Further along in the Plame case, Fitz has much more to do and Karl Rove is certainly still at risk. The loss of Rove would be devastating to Bush, as the aftermath of Hurricane Katrina showed: Bush is worthless on his own, without someone to pull his strings. At the time, Rove was said to be in the hospital with a kidney stone problem. It will be impossible for Bush to act at the same level without Rove.

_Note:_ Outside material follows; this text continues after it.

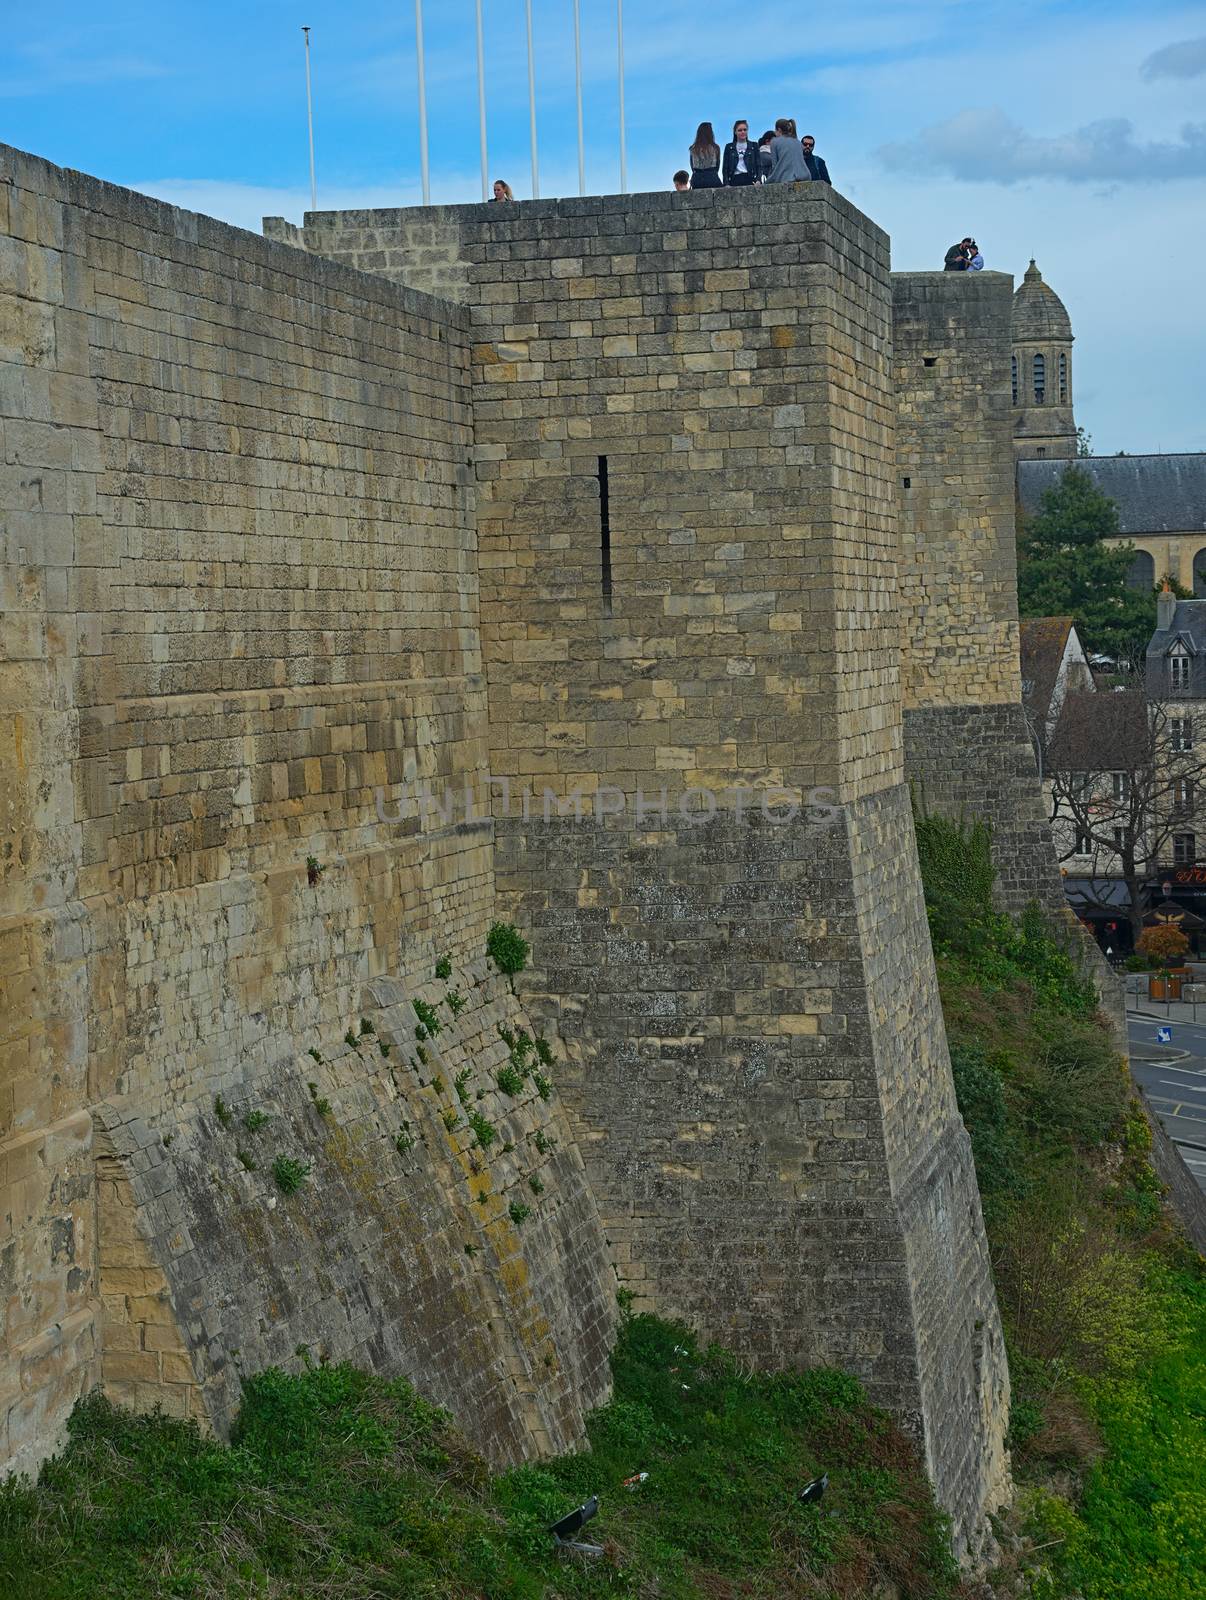 CAEN, FRANCE - April 7th 2019 - View on huge stone defensive wall and tower at fortress by sheriffkule

And in regards to the NSA situation, there is much activity on several fronts about the potential for impeachment, based on Bush's blowing off the FISA law. This is a many-pronged web. Bush apparently DID attempt in 1992 to get Congress to sign on to the warrantless wiretaps, but was shot down. This argues that Bush's team knew at the time that they needed to get Congress's go ahead. He also, in 2004, attempted to get support from the Attorney General's office to continue the program (see Newsweeks's Palace Revolt, page 4, Jan 29, 2006)
There was one catch: the secret program had to be reapproved by the attorney general every 45 days. It was [assistant Attorney General named Jack] Goldsmith's job to advise the A.G. on the legality of the program. In March 2004, John Ashcroft was in the hospital with a serious pancreatic condition. At Justice, [James] Comey, Ashcroft's No. 2, was acting as attorney general. The grandson of an Irish cop and a former U.S. attorney from Manhattan, Comey, 45, is a straight arrow. (It was Comey who appointed his friend—the equally straitlaced and dogged Patrick Fitzgerald—to be the special prosecutor in the Valerie Plame leak-investigation case.) Goldsmith raised with Comey serious questions about the secret eavesdropping program, according to two sources familiar with the episode. He was joined by a former OLC lawyer, Patrick Philbin, who had become national-security aide to the deputy attorney general. Comey backed them up. The White House was told: no reauthorization.

The angry reaction bubbled up all the way to the Oval Office... A high-level delegation—White House Counsel Gonzales and chief of staff Andy Card—visited Ashcroft in the hospital to appeal Comey's refusal. In pain and on medication, Ashcroft stood by his No. 2.
Bush may be on his way to being Emperor. Many suspected the neocons and BushCo to pull something before the 2008 elections to allow Bush to suspend the election or otherwise allow Bush to stay in the White House. While that seemed paranoiac at the time, it is not out of the realm of possibility, what with Bush's team arguing daily about the powers of a unitary President during a war.

At the other end of the spectrum, there is the potential for Bush to not only be impeached for his ordering of the eavesdropping in violation of the FISA law and the 4th Amendment, but to possibly be indicted either before or afterward.

We are at a crossroads in our history, brought about by a small cabal of power-hungry individuals and a dupe at the helm, who is too stupid to understand what the plain language of the laws and the Constitution are, and who is gullible enough to believe his advisors who tell him his new clothes are so wonderful, even as they lead him on the long, tortuous road to perdition. When he awakens in his cell, some 4 years from now, and discovers that he is - and always has been - naked and out on a limb, he will be in for one helluva shock... as his cellmate closes in on his nakedness.

(At least that is the scenario I see as a happy ending for We The People.)